Fortunato chi deve ancora leggere le due maggiori opere di Céline (Viaggio e Morte a credito).

(*) Nel 1922, Gallimard ha pubblicato una nuova edizione dal titolo Guerre, edizione curata da P. Fouché. Non l’ho letto. I critici definiscono l’edizione frettolosa (senza tener conto delle varianti, senza stabilire un apparato critico, e senza nemmeno utilizzare la trascrizione di Jean-Pierre Thibaudat). Guerre (titolo redazionale) è un romanzo inedito, scritto tra la pubblicazione di Voyage au bout de la nuit e quella di Mort à crédit (1936), più precisamente nel 1934? La questione del titolo, quella della datazione e quella dello statuto stesso del testo riguarda un’opera indipendente o piuttosto una bozza del Voyage?

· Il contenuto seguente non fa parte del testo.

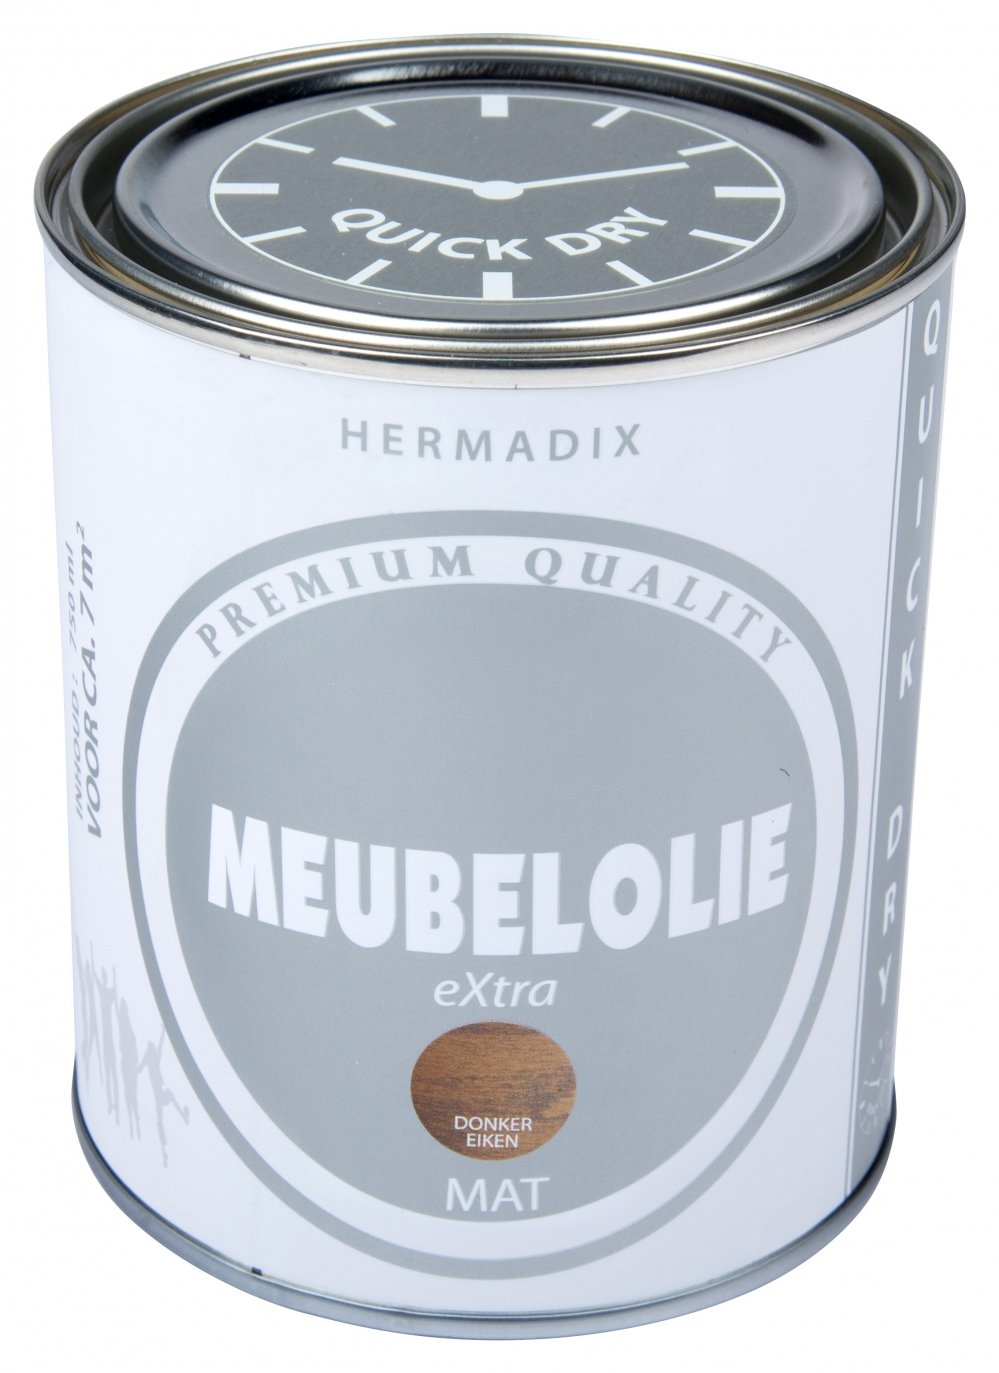 Hermadix - hermadix-meubellolie-extra-mat-donker-eiken1-verfcompleet.nl

Sarebbe necessario analizzare la carta utilizzata, l’inchiostro impiegato da Céline, eccetera. Tutta roba seria. Una cosa mi pare certa, l’edizione di Guerre è il solito sfruttamento commerciale di uno dei più grandi scrittori del XX secolo. Nel 2031, le opere pubblicate di Céline entreranno finalmente nel pubblico dominio. Céline ha scritto anche altro di molto buono (facilmente reperibile), e anche Bagatelle, una cosa indigeribile, non perché antisemita, ma perché letterariamente è una ciofeca.

Céline mi ricorda anche Gianfranco Sanguinetti, un suo pamphlet in risposta a Bollati di Saint Pierre: «Lei si vanta ben a torto di conoscermi, Bollati, allorché non è nemmeno capace di riconoscere Céline da Stendhal! [...] Lei è un imbecille, Bollati di Saint Pierre, e la sua cultura ordinata e progressista non conosce Céline, ma in compenso conosce così bene Stendhal da non distinguerlo dal “reazionario” autore di Voyage au bout de la nuit. Come se fosse la cultura ad essere ontologicamente “reazionaria” o “progressista”, e non l’uso che se ne fa! In mano a lei non solo il mio libello, ma i Manoscritti del ‘44 diventano un’opera reazionaria, perché, se non ha capito il mio, sarà impossibile che comprenda quelli». Un’altra epoca, altri personaggi. Ora, prevalentemente, solo “coglioni della vita”.